23. Friday should be in each week something of what Lent is in the entire year. For this reason we urge all to prepare for that weekly Easter that comes with each Sunday by freely making of every Friday a day of self-denial and mortification in prayerful remembrance of the passion of Jesus Christ.
24. Among the works of voluntary self-denial and personal penance which we especially commend to our people for the future observance of Friday, even though we hereby terminate the traditional law of abstinence binding under pain of sin, as the sole prescribed means of observing Friday, we give first place to abstinence from flesh meat.We do so in the hope that the Catholic community will ordinarily continue to abstain from meat by free choice as formerly we did in obedience to Church law.
So, basically, “we really want you to know that Friday is a day of penance, but there is no longer anything particular required and it does not bind under pain of sin”. I’m sorry if that sounds flippant, but re-read the paragraphs I quoted.
Basically, we are encouraged to do something — especially preserving the traditional practice of abstaining from meat — but nothing in particular is strictly required, in the sense of possibly giving rise to sin.
Therefore, from this we may conclude that failure to do penance on a Friday outside of Lent is not a mortal sin. In fact, the Bishops protest that it is not a sin at all. See this, for example:
25. Every Catholic Christian understands that the fast and abstinence regulations admit of change, unlike the commandments and precepts of that unchanging divine moral law which the Church must today and always defend as immutable. This said, we emphasize that our people are henceforth free from the obligation traditionally binding under pain of sin in what pertains to Friday abstinence, except as noted above for Lent. We stress this so that “no” scrupulosity will enter into examinations of conscience, confessions, or personal decisions on this point.
(The statement is carefully written — there is no pain of sin “in what pertains to Friday abstinence”; I suppose one could argue that there is some pain of sin for not doing anything at all. But I can’t see how it could be classified as anything more than a light matter, given the overall vagueness of the legal norm and the teaching included in it.)

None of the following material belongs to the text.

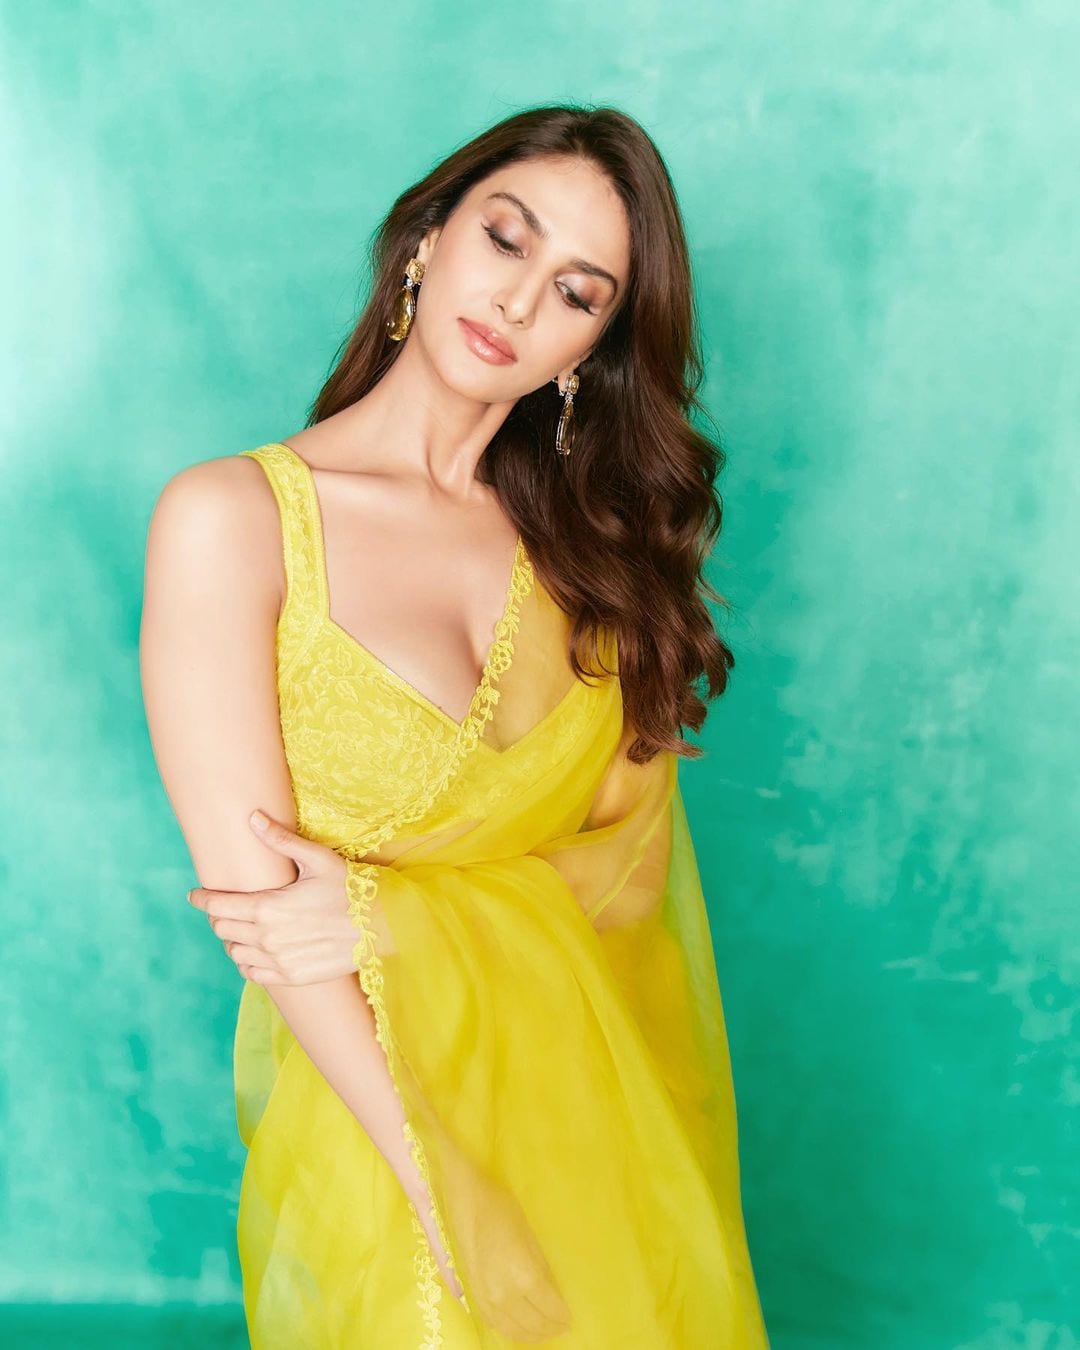 The actor looked all bright and happy in this picture where she donned a sheer yellow saree. She also gave some subtle poses, making it look quite dreamy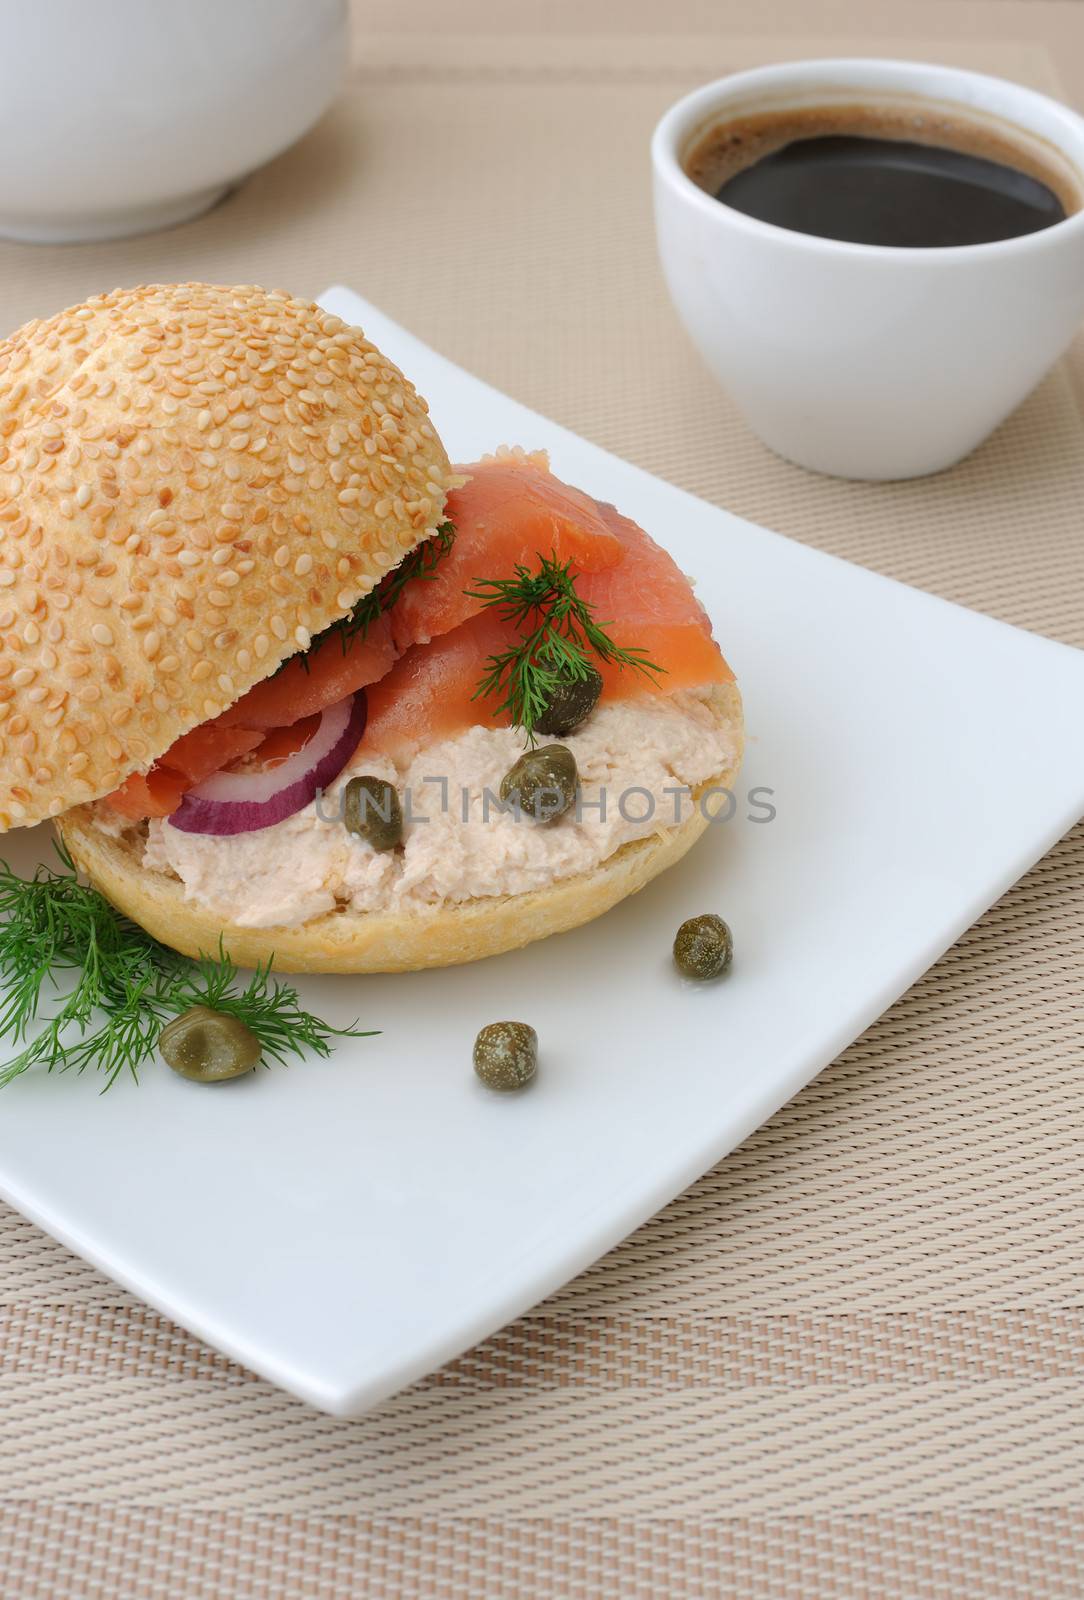 Salmon sandwich and a cup of coffee by Apolonia

The Code of Canon Law merely re-iterates and formalizes what was set forth in Paenitemini, preserving the right of the Bishops to adapt it — which the U.S. Bishops did.
All that said, it is important to note what Paenitemini also says about penance in general:
I. 1. By divine law all the faithful are required to do penance.
The Bishops also said this in their pastoral statement:
1. Thus Sacred Scriptures declare our guilt to be universal; hence the universal obligation to that repentance which Peter, in his sermon on Pentecost, declared necessary for the forgiveness of sin (Acts 2:38). Hence, too, the Church’s constant recognition that all the faithful are required by divine law to do penance. As from the fact of sin we Christians can claim no exception, so from the obligation to penance we can seek no exemption.
We can split moral hairs about penance outside of Lent, but the bottom line for all of us: we need to do penance. Therefore, we should strive to keep all Fridays of the year, as is the Church’s immemorial custom — even when Friday penance outside of Lent is not morally obligatory. We should do other penances besides. We must do penance for our many sins. Let us not be “bare minimum Catholics“!